Dieser legte mit Gewalt einen Arm um ihre Schulter. Seine Stimme klang jetzt säuselnd: »Steig ein, Doro. Schönberger hat für dich sogar die Minibar nachgefüllt.«
»Du bist ekelhaft.«
»Was hast du in jener Nacht in Nürnberg gemacht?«
Paul wünschte sich inständig, nicht die Aufmerksamkeit des streitenden Paares zu erwecken, und drückte sich dicht an den Baum. Vom Rest des Gesprächs bekam er kaum etwas mit. Die Wiesingers zankten noch eine Weile in gedämpftem Ton. Dann ließ Andi Wiesinger seine Frau unvermittelt stehen und passierte grußlos den Pförtner.
Doro Wiesinger ging ihm einige Schritte hinterher und schaute ihm dann perplex nach. Paul meinte zu erkennen, wie ein leichtes Zittern durch ihren Körper ging.
Während Paul überlegte, was er tun sollte, winkte sie die wartende Limousine zu sich heran. Der schwere Wagen rollte langsam bis an den Bordstein neben sie, und das Fahrerfenster glitt herunter. Paul sah Schönbergers schlohweißen Haarschopf.
»Darf ich Sie jetzt nach Hause fahren, Frau Wiesinger?«, erkundigte sich der Chauffeur.
»Nein, nein, nicht nach Hause. Zum Flughafen!« Sie stieg ein, viel schneller, als Paul hätte reagieren können. Schönbergers verwunderte Frage »Kein Gepäck?« war das Letzte, was Paul hörte, bevor sich das massige Gefährt nahezu geräuschlos in Bewegung setzte.

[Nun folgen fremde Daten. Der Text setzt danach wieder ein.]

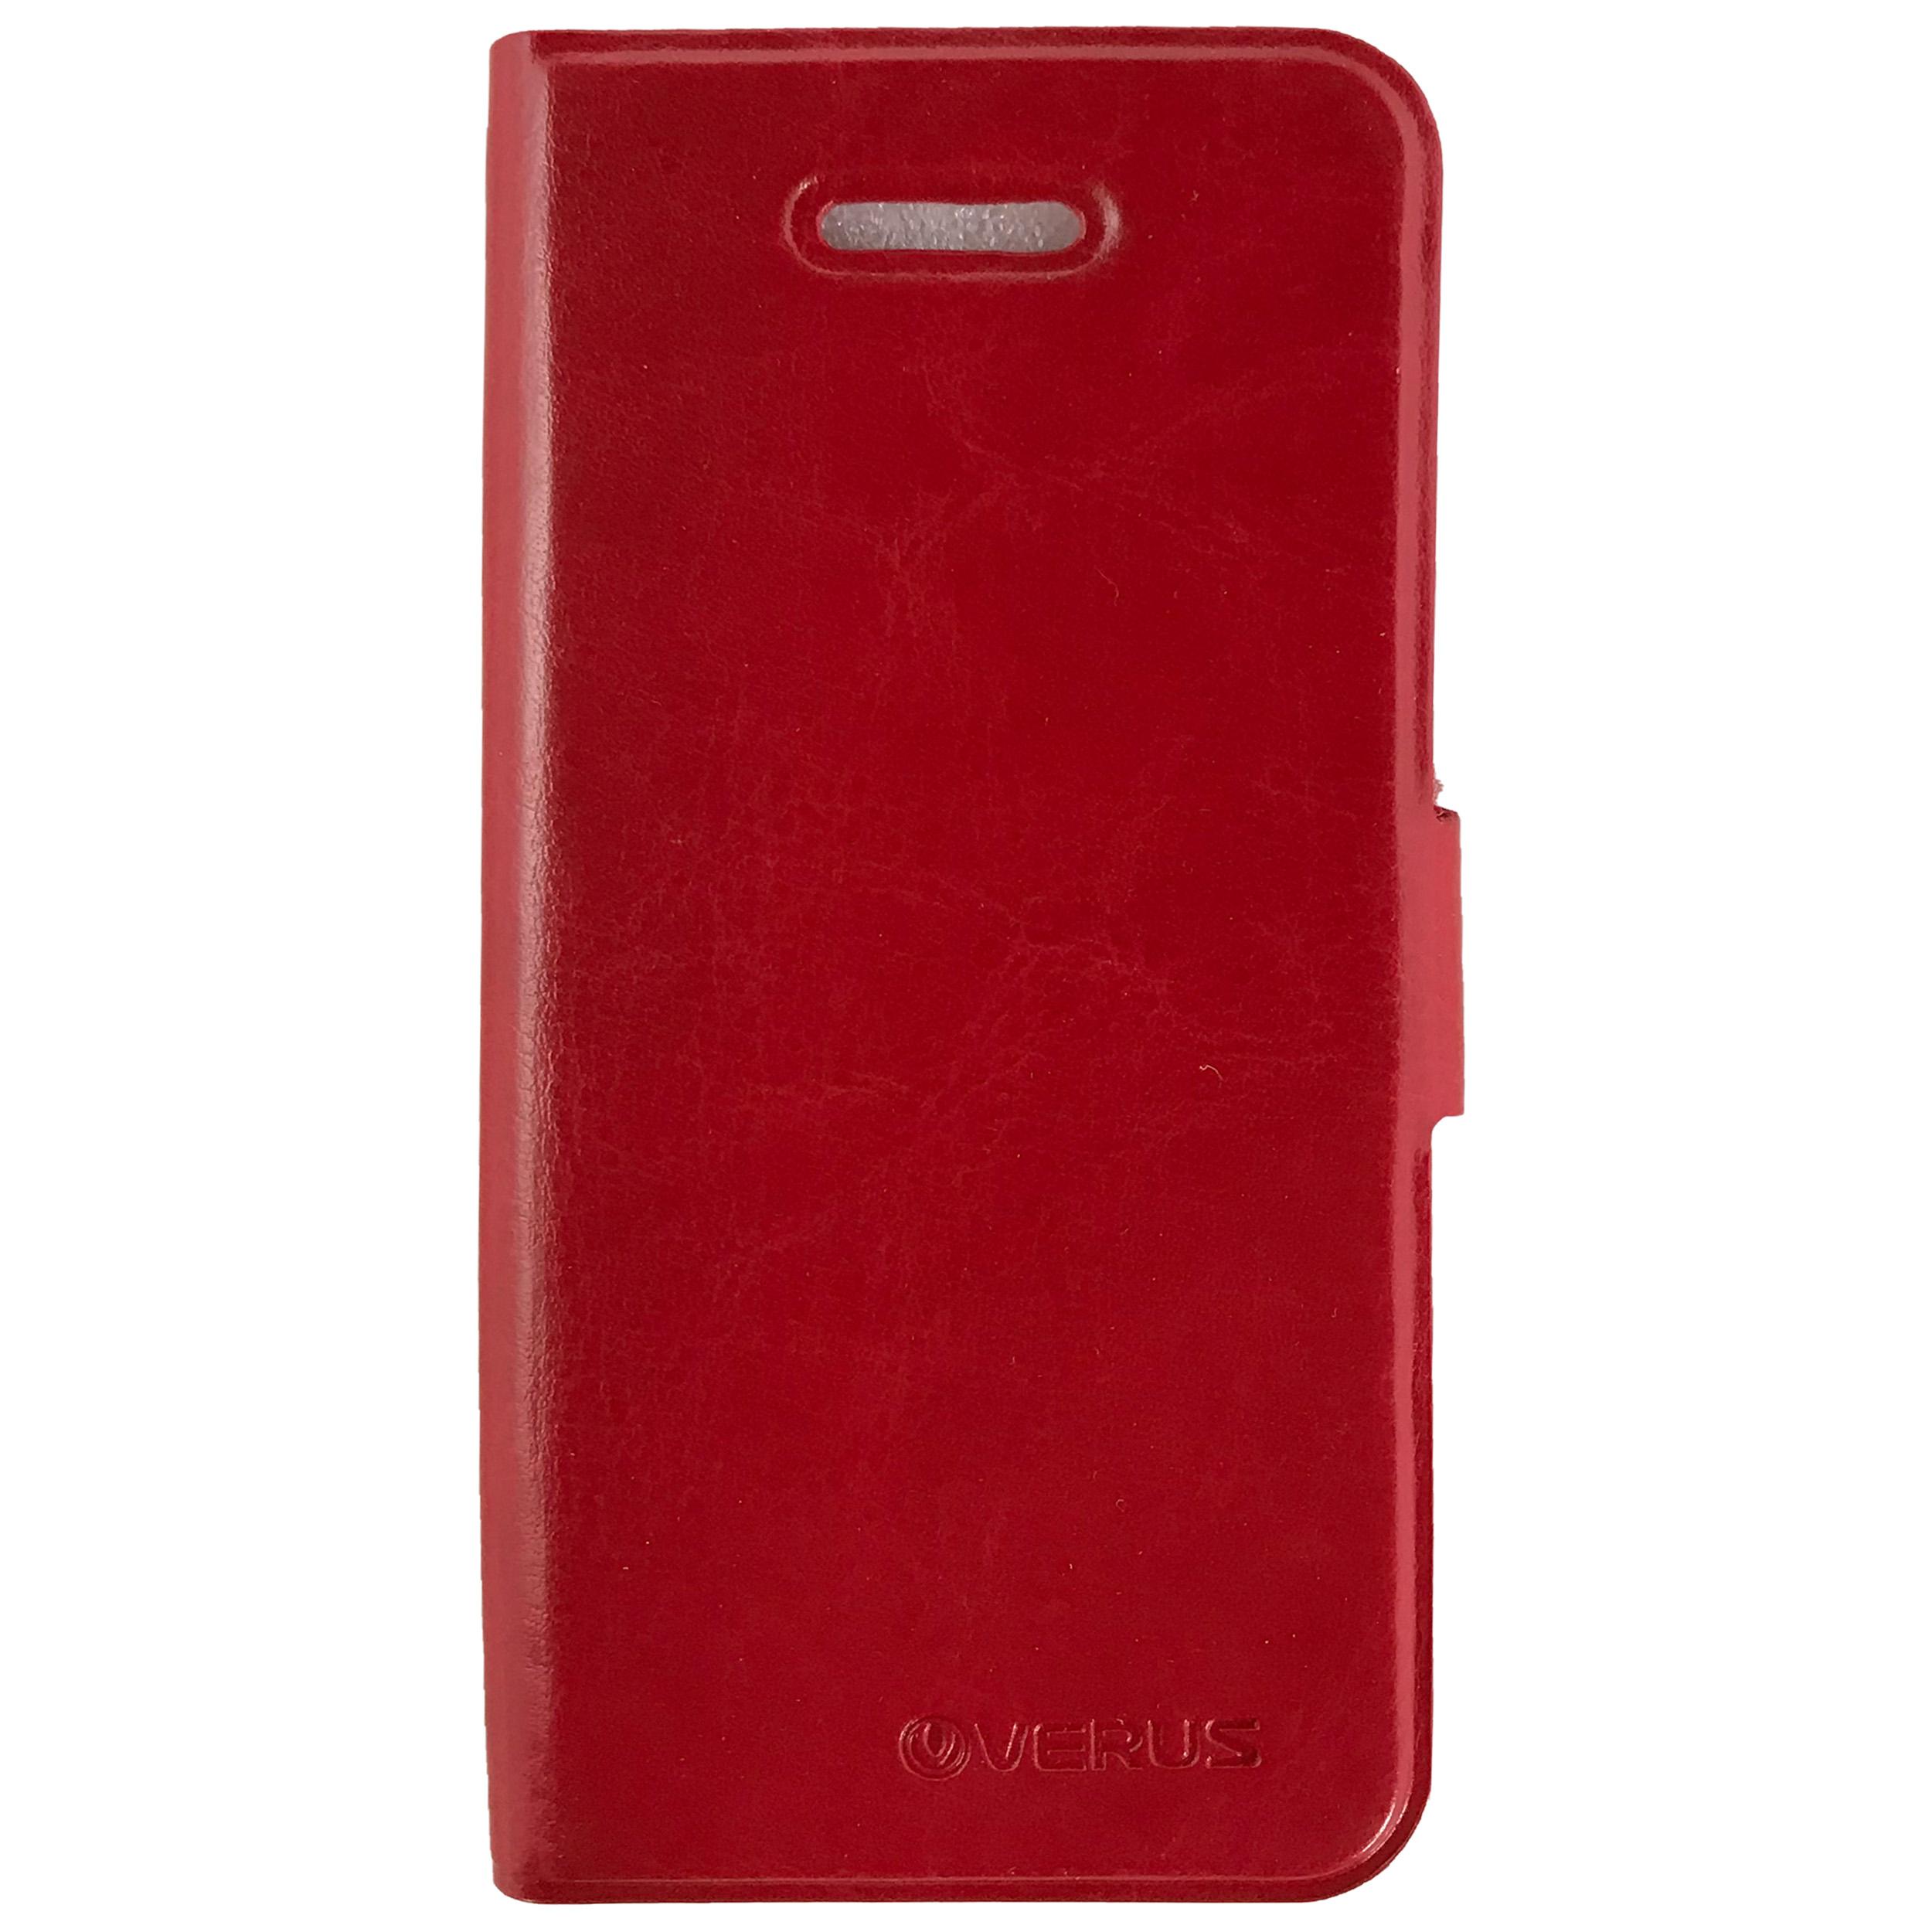 کیف کلاسوری وروس مدل i5G مناسب برای گوشی موبایل اپل iPhone 5 / 5s / SE
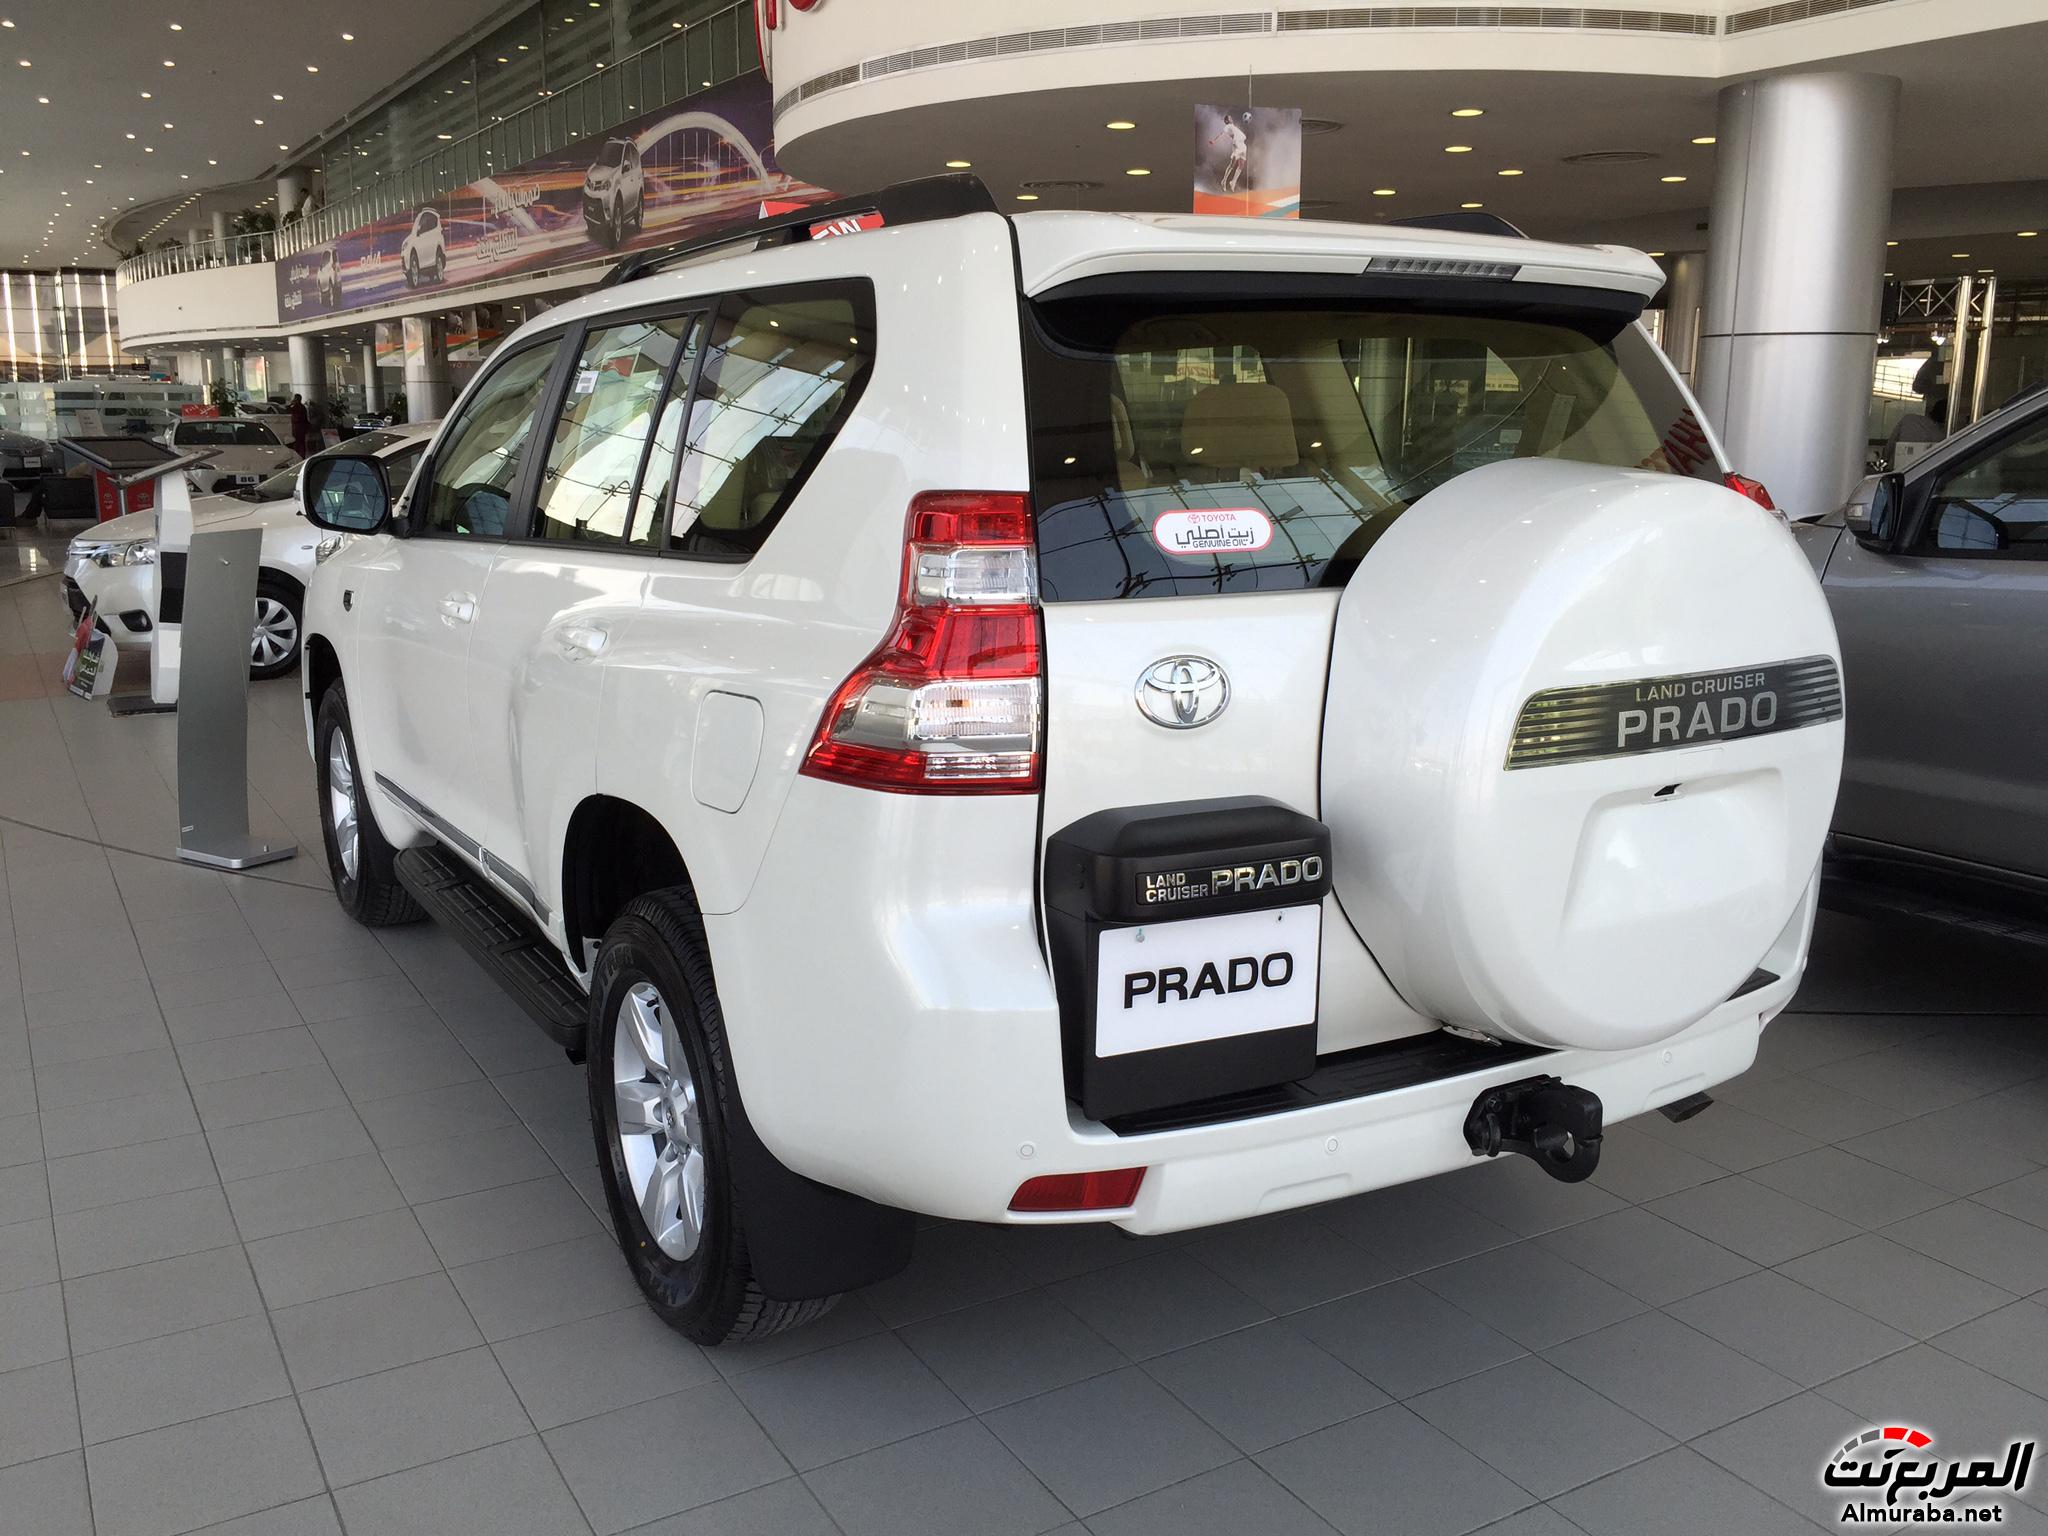 """تويوتا برادو 2015 60 عام في السعودية """"فيديو ومواصفات واسعار"""" Toyota Prado   المربع نت"""

Ratlos sah Paul auf das schnell kleiner werdende Heck. Hatte er richtig gehört? Nur schwer konnte er sich vorstellen, was in Doro Wiesinger vorging und ob sie wirklich glaubte, sich Hals über Kopf davonstehlen zu können.
Er wählte Katinkas Nummer. Endlose Sekunden hörte er lediglich das Rufzeichen. Von der Limousine war inzwischen nichts mehr zu sehen.
»Ich bin in einer Besprechung«, zischte Katinka ins Telefon. »Ruf später wieder an.« Damit legte sie auf.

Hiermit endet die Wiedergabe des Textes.